The arseblog readership is usually a sharp bunch compared to most other football sites and aware that Blogs likes a good spoof article, so well played blogs for fooling so many. Loved all the subtle details like the u25 team, Zoltan and Anthony Marshall, the tactics truck, spoonful of spunk and the 33% more defender when in fact going from 2 to 3 centre halves is actually a 50% increase, etc.
Almost as brilliant as the Gent! Yet it amazes me to read some comments. Some might really need care……
Fellas, see it for what it is. Clearly a tongue in cheek take on the sad state of much of football punditry at the moment. The classic little-Englander, not-bothered-with-facts-or-tactics, run-araaand-a-bit, Richard Keys-like living nicker.
Enjoyed it!
Love this. A bit of satire for all the old British ex players who love to act like everyone had a battle axe and no nerve endings when they were playing. “In my day you drank as many pints as the number on your back before warm ups. And warm ups were just kicking each other in the groin repeatedly and saying ‘man on’.”
Dougan: Captain, Leader, Legend.
no system is any good with out the players desire and commitment when they give 100% and loose its dissapointing but worthy of the effort, like they say play for the badge on the front the name on the back gets remembered
I think he learnt all his tactics when starring in the film Mean Machine alongside Vinnie Jones, before changing his name, nationality and anything else which might connect him to that! His best defensive moment was against Basildon Fawlty, although completely demolished by Sybil.

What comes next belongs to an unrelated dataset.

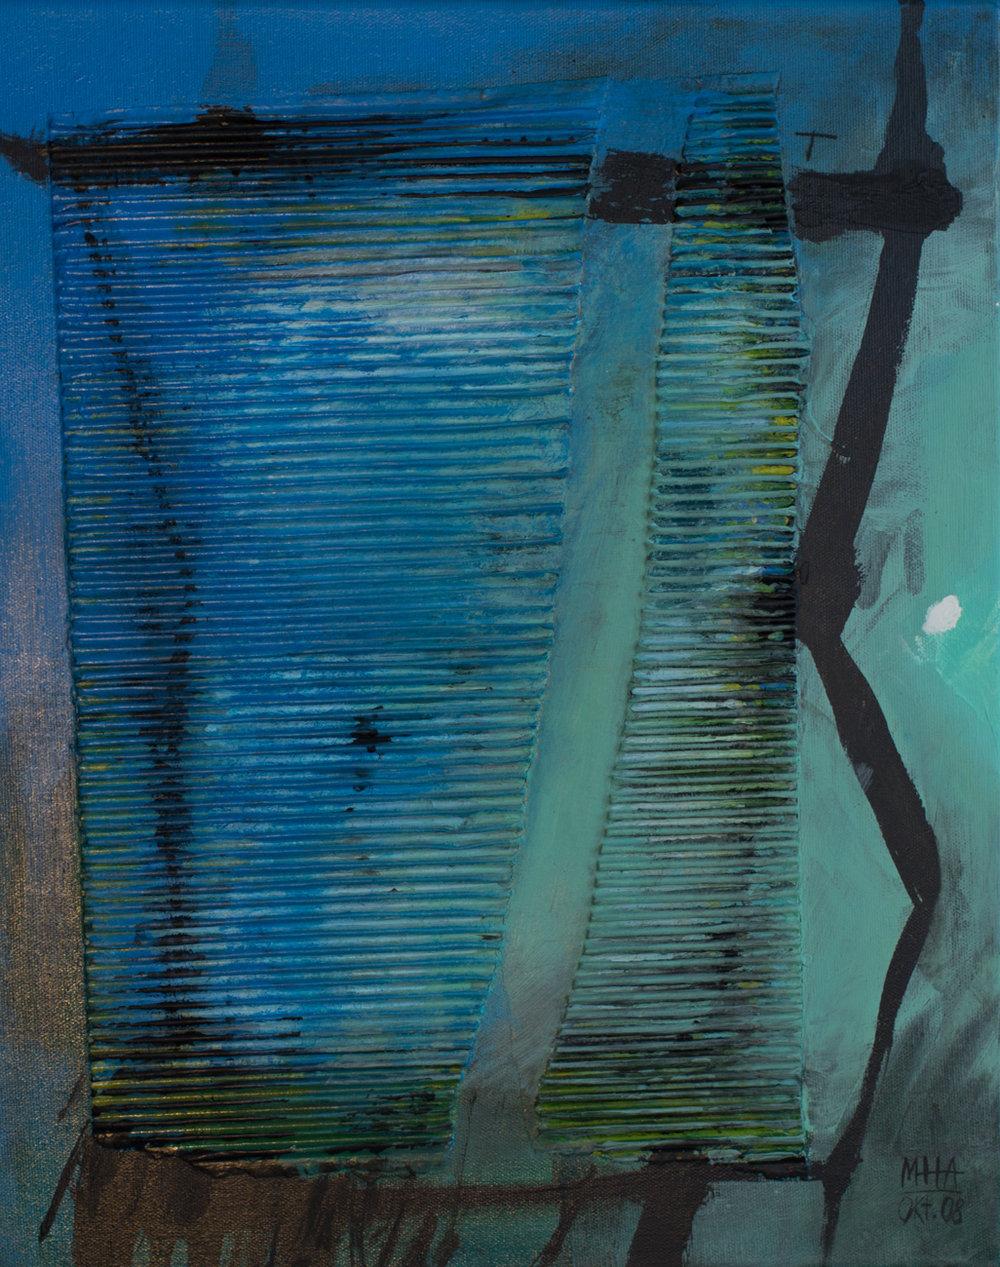 Theos 1 , 2008,Collage mit Acryl auf Leinwand, 40x50 cm

Absolutely awful piece of writing, just one big moan from a nobody when football was just about clattering each other on the pitch, bore off mate!
It’s satire. This person does not exist. This is a joke article.
Some of these comments are astonishing
”he is a regular pundit in Malta…” oh my god somebody knows my country exists!!! 😀
Graham didn’t change his name from Dave Pundit, did he?
Did he sensor his conclusions just cause it was to be piblished on arseblog? Blaming the players regardless of formation.
Sorry who wrote this crap.get rid of him.
if this was real it would be the worst article ever to grace this website…..luckily i’m 97% sure its just banter…..82%…..50/50
??? masterful
Masterclass ??? ??
Great read! 😀
Be honest, Blogs — isn’t “Derek Dougan” just the latest of your pseudonyms?
Mind-slip: of course I mean “Graham …”
Fun add blogs, More humor and irreverence is always a welcome quality for me.
This article is a spoof FFS!! LOL at the quasi-pseuds critiquing it and then giving the “I knew it was a joke, it’s just not funny” BS when the joke is pointed out to them. Take your righteous indignation to the comments section of Arsenal TV or the Online Gooner echo-chamber. Great work Arseblog.